Limit scope of borrow (automagically)?

Hi

I made an attempt to use closures within a function for convenience but the borrow checker struck me down… Code example:

pub fn main() {
    let mut i: u32 = 0;
    let mut f = || {
        i += 1;
    };
    f();
    println!("i = {}", i); 
}

This fails because the closure borrow i for the lifetime of main(). What I imagined (with high hopes) would happen was:

pub fn main() {
    let mut i: u32 = 0;
    let mut f = || {
        i += 1;
    };
    // Borrow of i starts here with f() call
    f();
    // Borrow of i ends here

    // Safe to borrow again.
    println!("i = {}", i); 
}

Technically I don’t see any issues with this… Or?

What you want will be enabled by non-lexical lifetimes, whose stabilization is currently being worked on.

// The only addition:
#![feature(nll)]

pub fn main() {
    let mut i: u32 = 0;
    let mut f = || {
        i += 1;
    };
    f();
    println!("i = {}", i); 
}

Playground link

1 Like

Thanks for quick reply!! I knew nll was in the works and I’ve been waiting for it for a long time :slight_smile: I wasn’t sure though if this case would also be solved by that.

Awesome!

What’s the minimum nightly needed for this feature?

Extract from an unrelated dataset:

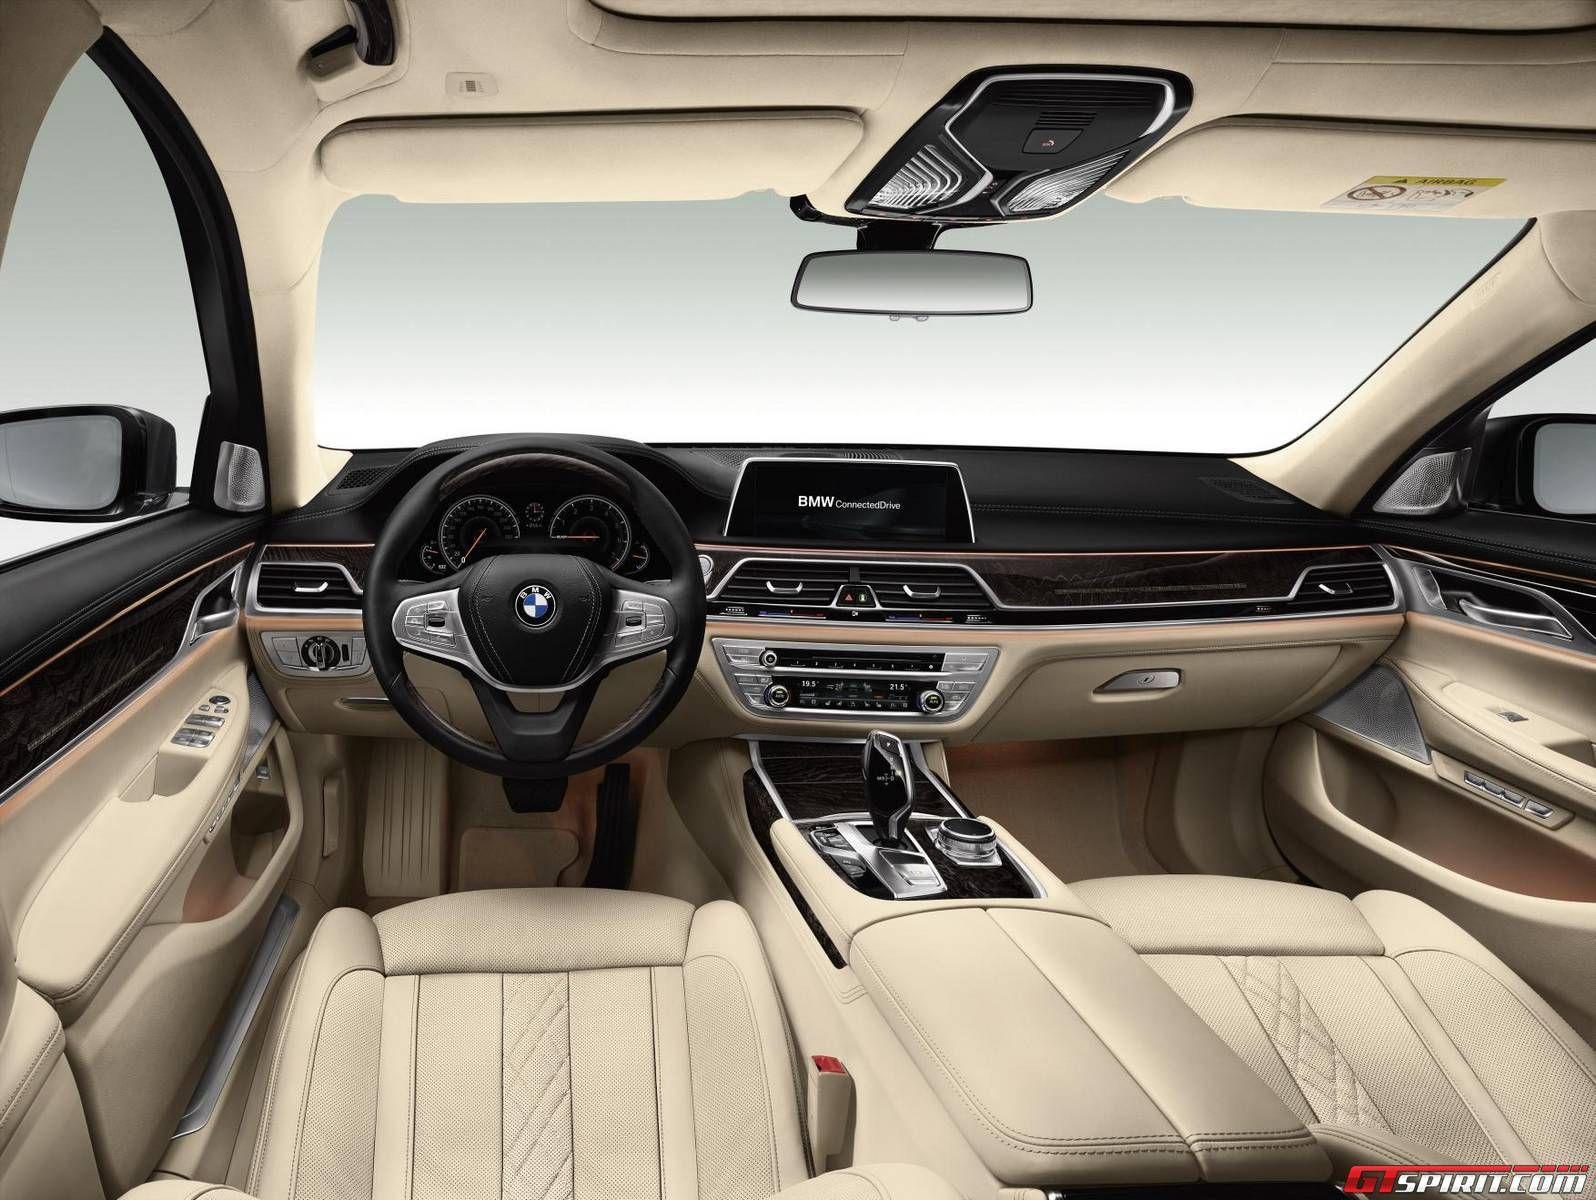 2017 Bmw 7 Series Interior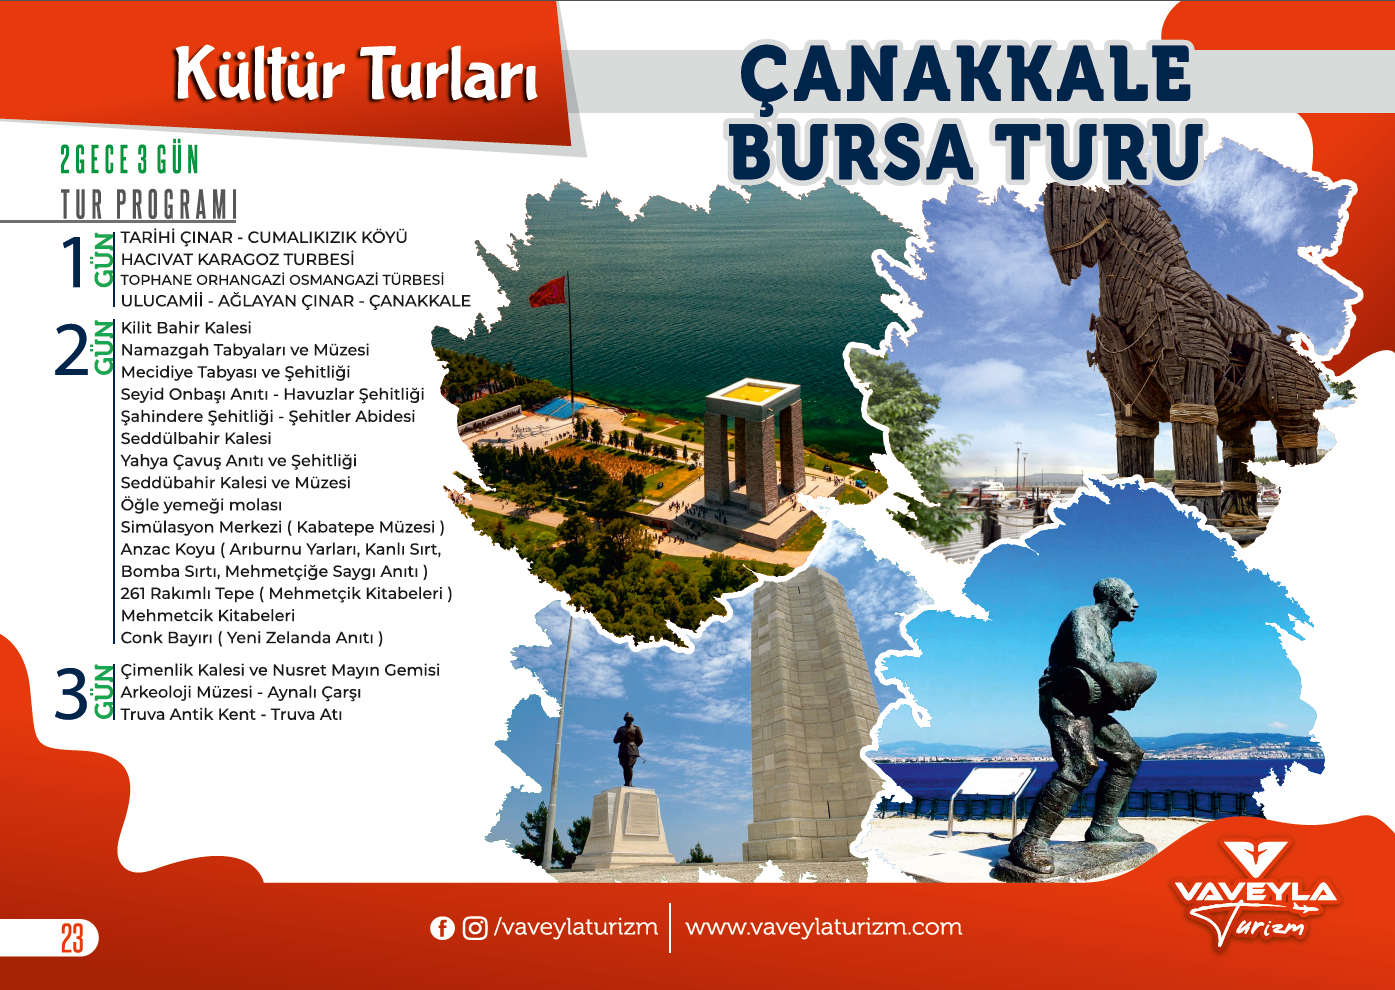 Çanakkale - Bursa Turu

Even NLL is not so precise. The borrow still starts when the closure is created. The previous example has merely shown how NLL can reason about the "last use" of the mutable borrow.

#![feature(nll)]

pub fn main() {
    let mut i: u32 = 0;
    let mut f = || {
        i += 1;
    };
    println!("i = {}", i);
    f();
}
   Compiling playground v0.0.1 (file:///playground)
error[E0502]: cannot borrow `i` as immutable because it is also borrowed as mutable
 --> src/main.rs:8:24
  |
5 |     let mut f = || {
  |                 -- mutable borrow occurs here
6 |         i += 1;
  |         - previous borrow occurs due to use of `i` in closure
7 |     };
8 |     println!("i = {}", i);
  |                        ^ immutable borrow occurs here
9 |     f();
  |     - borrow later used here

That's hard to say. One could look for the first nightly that added the feature gate, but chances are it doesn't actually do anything in that version. It's a feature under active development.

Maybe defmac can solve your problem. This crate provides a nice way to declare lambda-like macro. With macro, there’s no lifetime error as they’re not even exist on runtime :wink:

This is almost exactly an example in the closures section of the Rust Book, it can be done with regular lexical lifetimes:

fn main() {
    let mut i: u32 = 0;
    {
        let mut f = || {
            i += 1;
        };
        f();
    }
    println!("i = {}", i); 
}
1 Like

Be careful, I’ve experimented with NLL and found some ICEs using it. That’s why I’ve turned it back off again. So keep in mind that YMMV when using this unstable feature :slight_smile:

Could NLL theoretically allow this “macro-like” case, too? So that it treats all captured vars as only being borrowed for the duration of the closure call (if the closure doesn’t escape)? I think it would be useful to allow this (if possible) to reduce the need for many such small macros and make these kind of use cases more ergonomic.